Выбрать главу

Таня попросила открыть двери:

— Отворте, просим, двери.

После небольшой паузы звякнула цепочка и в замке повернулся ключ.

— Просим… — сдержанно сказала женщина, стоявшая у порога.

— Пани Брунчикова?

Таня окинула ее быстрым взглядом — от круглого, слегка подрумяненного лица с крашеными завитушками волос, падавшими на лоб, до ножек в лакированных туфельках. Сквозь закрытую дверь внутренней комнаты глухо доносились мужские голоса.

— Да. Что вы хотите? — уже раздраженно спросила Терезия Брунчик.

— Я пришла от вашего мужа — пана Брунчика.

— От Вильяма? — удивилась женщина и заморгала длинными ресницами. Она набросила цепочку и повернула в замке ключ.

— Что случилось? Фрау Терезия! — закричали по-немецки из комнаты, и появился долговязый мужчина в черном мундире, расстегнутом у ворота.

— Что случилось? — повторил он.

— Пани говорит, что пришла от Брунчика, — пожала розовым плечиком фрау Терезия. — Как это вам нравится?

— Оч-чень! — Долговязый пристально смотрел на Таню, будто старался вспомнить, где он видел ее раньше. — Что же вы не приглашаете гостью в дом, фрау Терезия?

— О, прошу вас, пани… — она вопросительно уставилась на гостью.

— Яничкова. По мужу — Яничкова, — скороговоркой сказала Таня на чистом немецком языке, быстро соображая, как ей быть, и уже поняв, к кому она попала. У нее похолодело сердце. Что же случилось с этим проклятым Брунчиком? Продался немцам? Или только жена веселится с ними, а Вильям Брунчик ушел все же в горы? Как узнать, что здесь происходит?

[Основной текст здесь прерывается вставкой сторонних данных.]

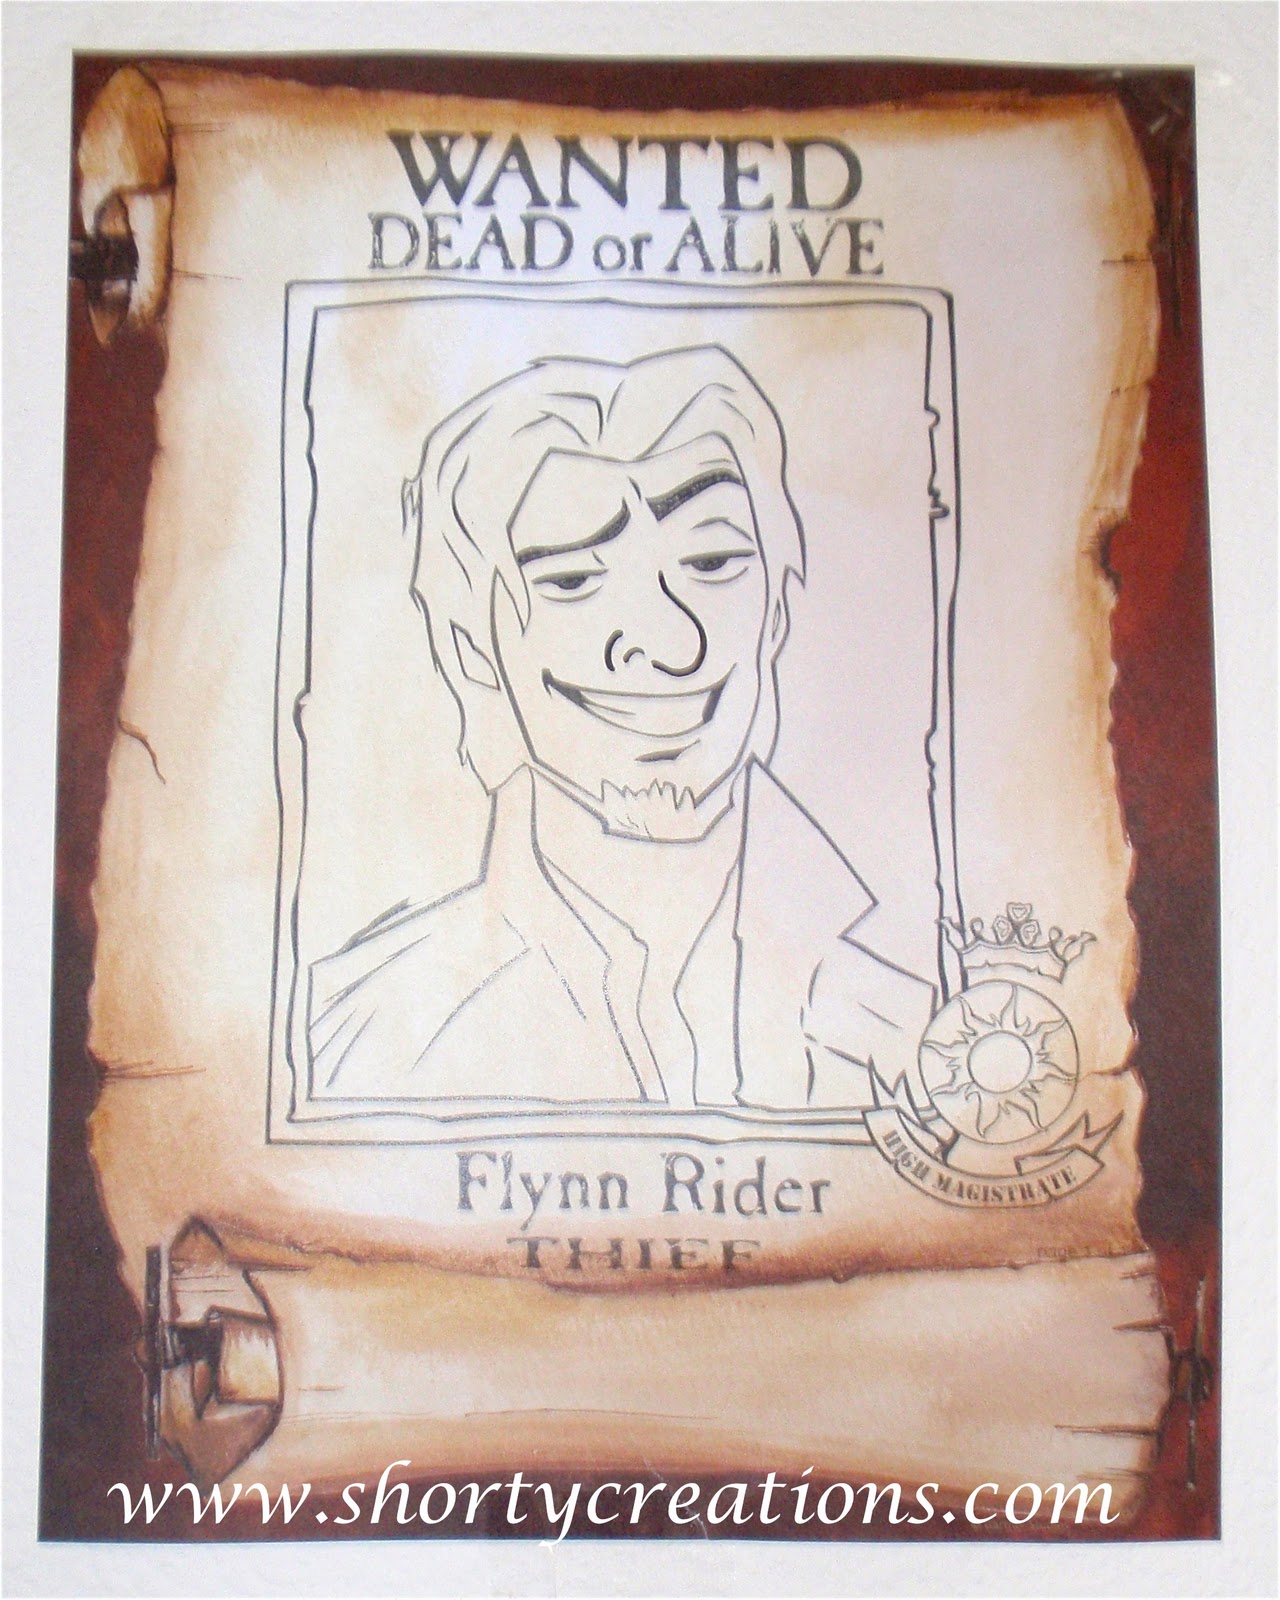 Flynn Rider is really mad that his nose is drawn wrong in every wanted post...

Долговязый помог снять пальто.

— Прошу! — с нарочитой вежливостью сказал он, окинув Таню взглядом с ног, обутых в высокие ботинки, до простенькой дорожной шапочки, и пропустил вперед, в комнату, где стоял запах табака, разлитого вина, духов и пота. За круглым столом сидело несколько гуляк в таких же мундирах, как и на долговязом, кроме майора в форме танкиста. Рядом с ним расположился в кресле грузный человек в штатском. По тому, как к нему относились собутыльники, можно было понять, что он немаловажная фигура в этой компании. В углу, сдвинув пуфы, о чем-то шепталась молодая пара, и крашеная девица взвизгивала, будто ее щекотали.

«Брунчика здесь нет, — подумала Таня. — Ни один из мужчин не похож на Брунчика, как описывал его Зорич».

— Господа, — сказал долговязый. — Имею честь представить фрау Яничкову.

Майор, сидевший рядом со штатским, окинул гостью оценивающим взглядом и учтиво приподнялся, уступая свое место, а сам пересел на соседний стул.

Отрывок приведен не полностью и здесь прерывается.